A typical run prints the registered tools, each tool call with args, the streamed bash output through a PrintingSink, and the final model summary:

opentools v0.1.0 registered: bash, edit, glob, grep, http, read, write
model: claude-opus-4-6 (via Keychain → api.anthropic.com (OAuth))
🚀 Task: Create a new directory at /tmp/demo-project-claude, initialize a git
         repository inside it, and write a README.md...

│ I'll accomplish this with parallel operations where possible.
🔧 bash {"command":"mkdir -p /tmp/demo-project-claude && cd ... && git init"}
   ┆ Initialized empty Git repository in /private/tmp/demo-project-claude/.git/
   ↳ {"exit_code":0, "output":"Initialized empty Git repository..."}
🔧 write {"path":"/tmp/demo-project-claude/README.md","content":"# Demo Project..."}
   ↳ {"bytes_written":185}
│ Created /tmp/demo-project-claude, initialized a git repository, and wrote a README.md.

✓ Done

Dispatch always goes through ToolRegistry::call(name, args, ctx) — no demo ever invokes a provider-native tool. The protocol physically prevents it, which is the whole point.

Testing

Three layers — see TESTING.md for the full coverage matrices.

# 1. Unit + integration tests (no network, ~3s, 17 tests)
cargo test

# 2. Preflight e2e tests for each demo — flag parsing, auth errors,
#    fake credentials, etc. (no network, no creds, ~5s)
bash tests/e2e/run.sh                        # 39 tests on macOS, 44 in Docker

# 3. Full e2e against real APIs with your real credentials
#    (costs provider quota, mounts creds into a Docker sandbox)
bash tests/e2e/docker_full.sh                # all providers
bash tests/e2e/docker_full.sh --only claude  # just one (save quota)

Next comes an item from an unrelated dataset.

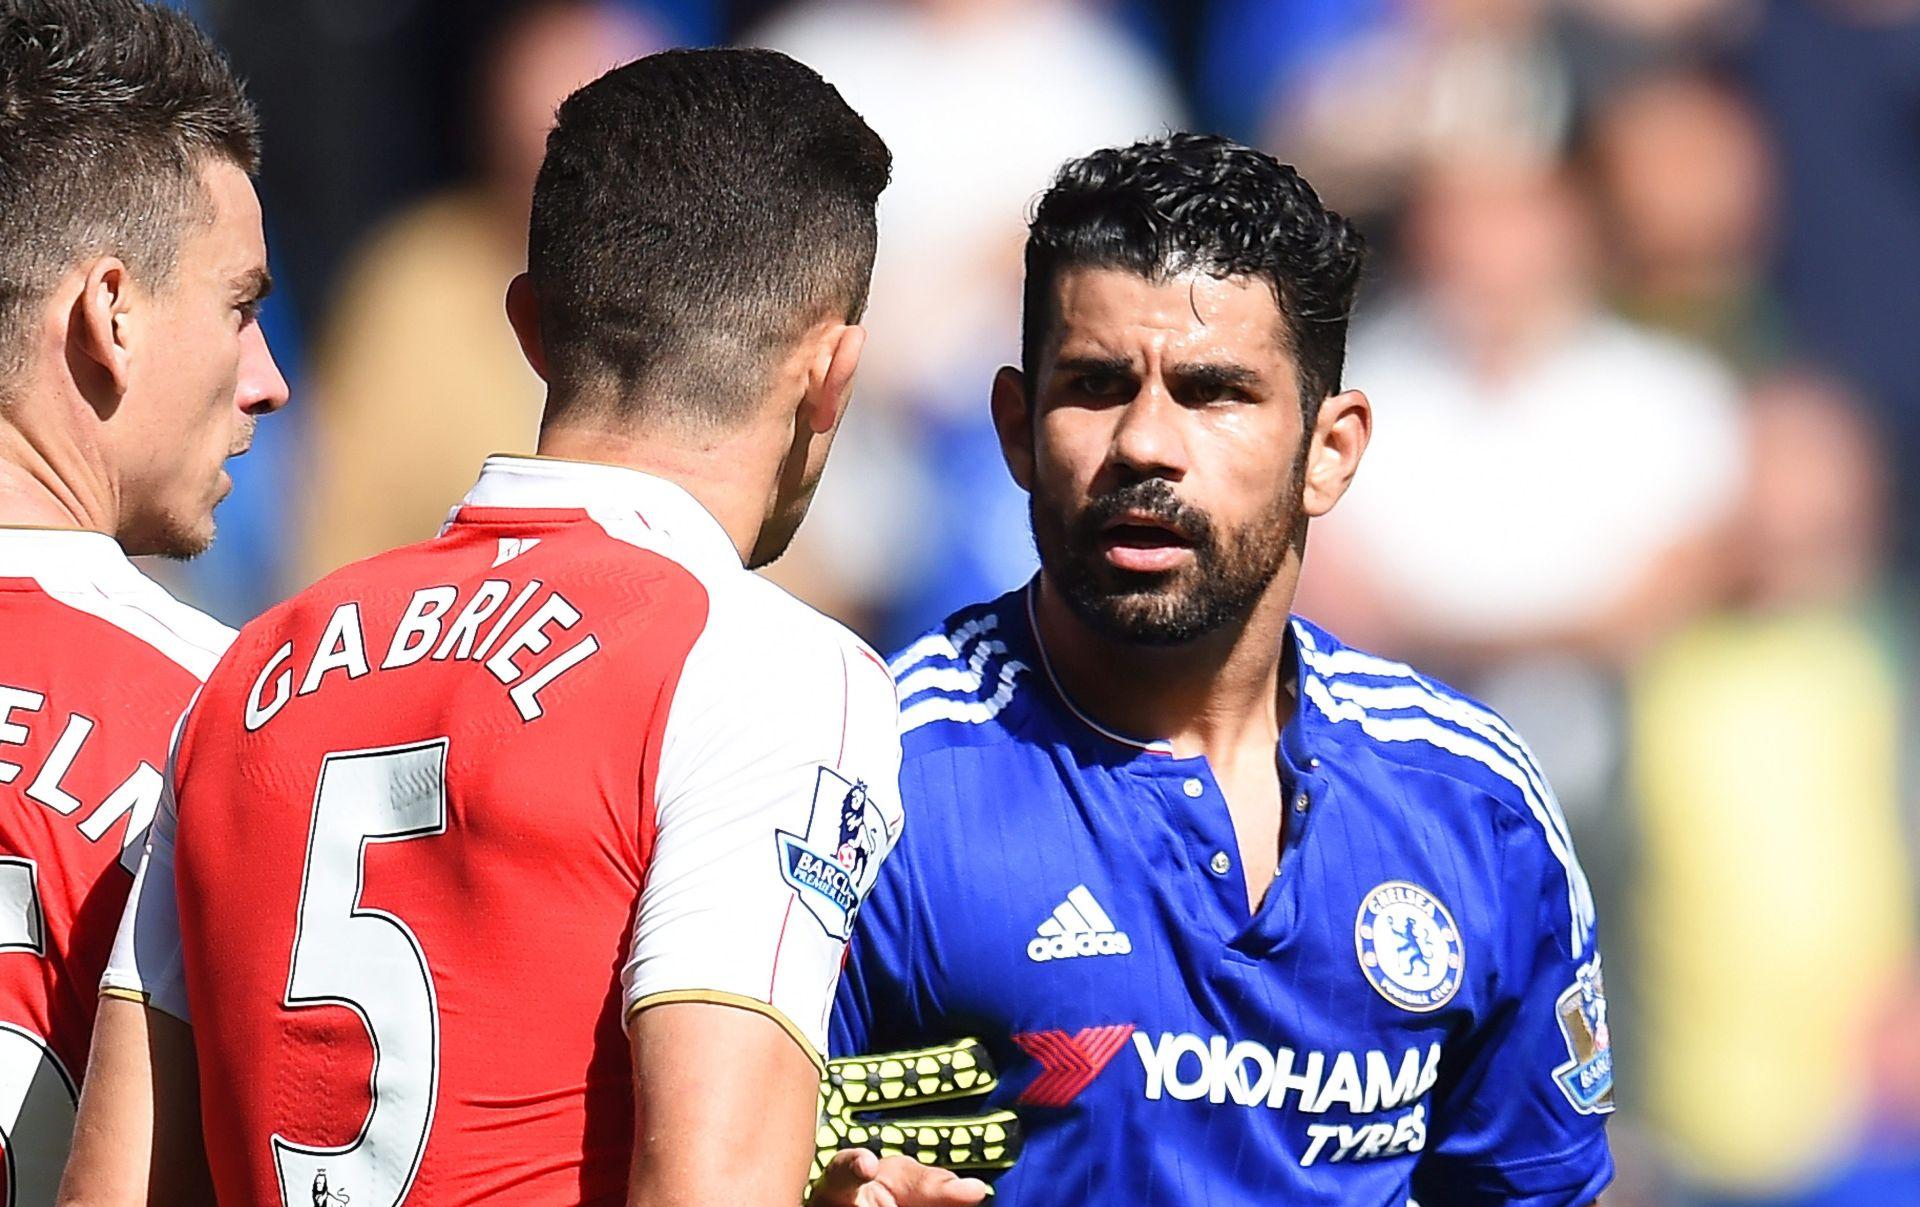 VIDEO: NE VIDI SUDAC ALI… Engleski nogometni savez optužio Costu zbog nasilnog ponašanja
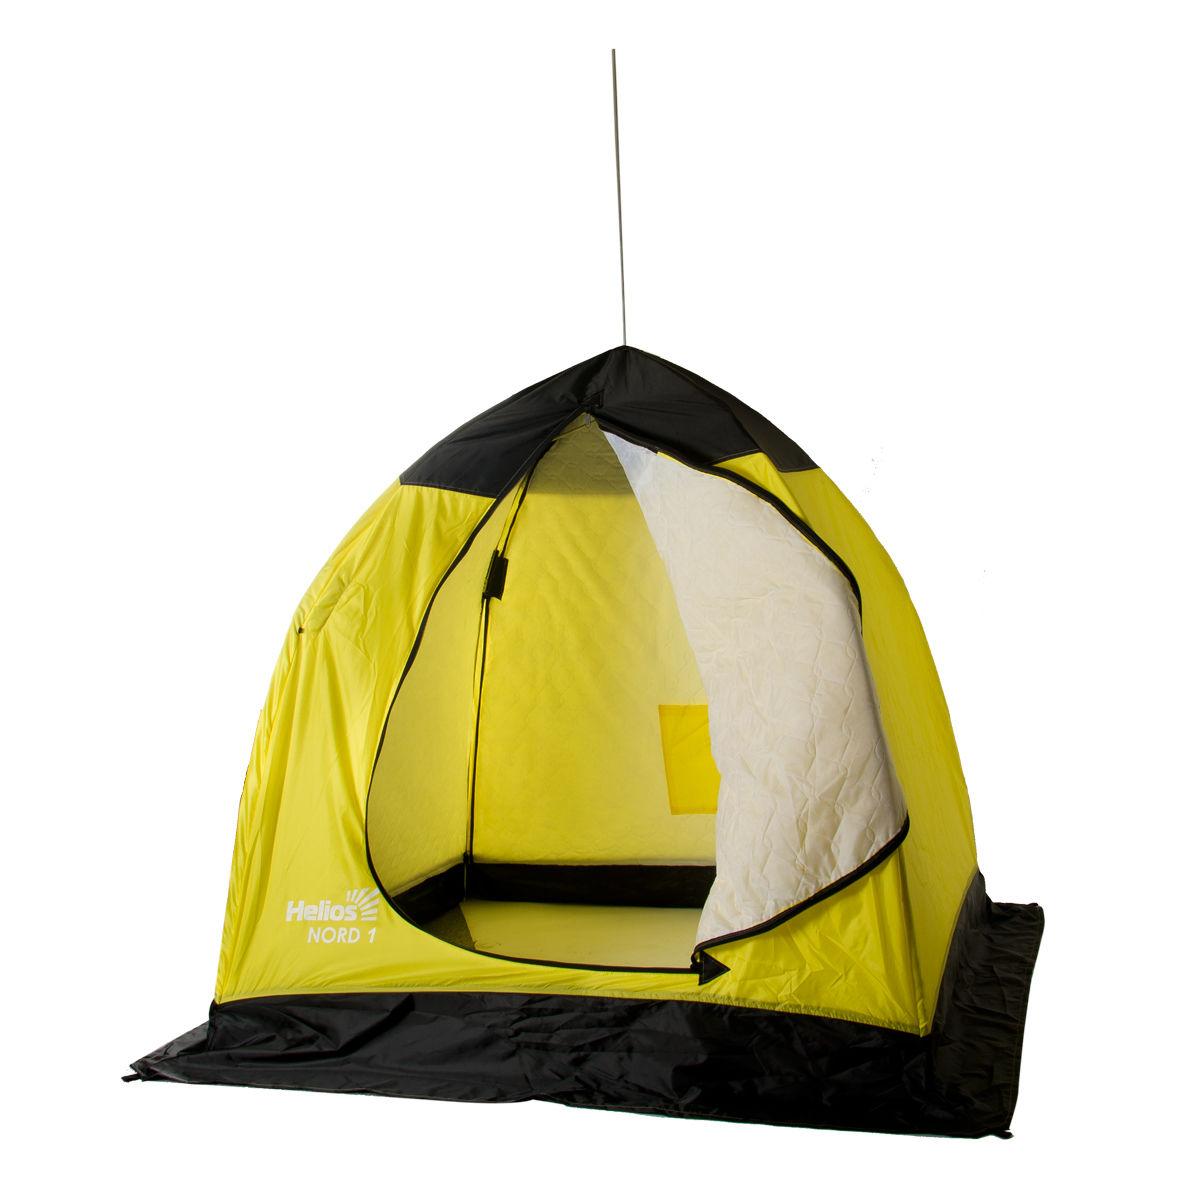 Палатка-автомат Helios Nord U одноместная желтая

Integration tests exercise the PTY bash path end-to-end — cwd persistence, env persistence, streaming, timeout, cancellation, session survival after SIGINT — plus round-trip tests for the file tools.

Caveats

  • Not affiliated with OpenAI, Anthropic, or Google. The subscription auth paths reuse credentials from the respective first-party CLIs (codex, claude, gemini). If those projects change their credential storage formats or providers tighten server-side checks on allowed clients, the demos will break. For production harnesses, prefer API keys via --auth api.
  • No sandboxing. The bash tool runs commands on your real filesystem as your real user. Wrap it in whatever sandbox your harness needs (bubblewrap, seatbelt, Docker, firejail). The Tool trait makes no security claims — it's just a dispatch layer.
  • Gemini preview model gating. gemini-3.1-pro-preview-customtools returns 404 on most accounts; the default is gemini-3-flash-preview. See TESTING.md for the full model availability table.
  • No OAuth token refresh in the OpenAI and Claude demos — if your subscription token has expired, re-run the CLI's login command. The Gemini demo does auto-refresh because its tokens are shorter-lived.

License

Dual-licensed under MIT or Apache-2.0, at your option.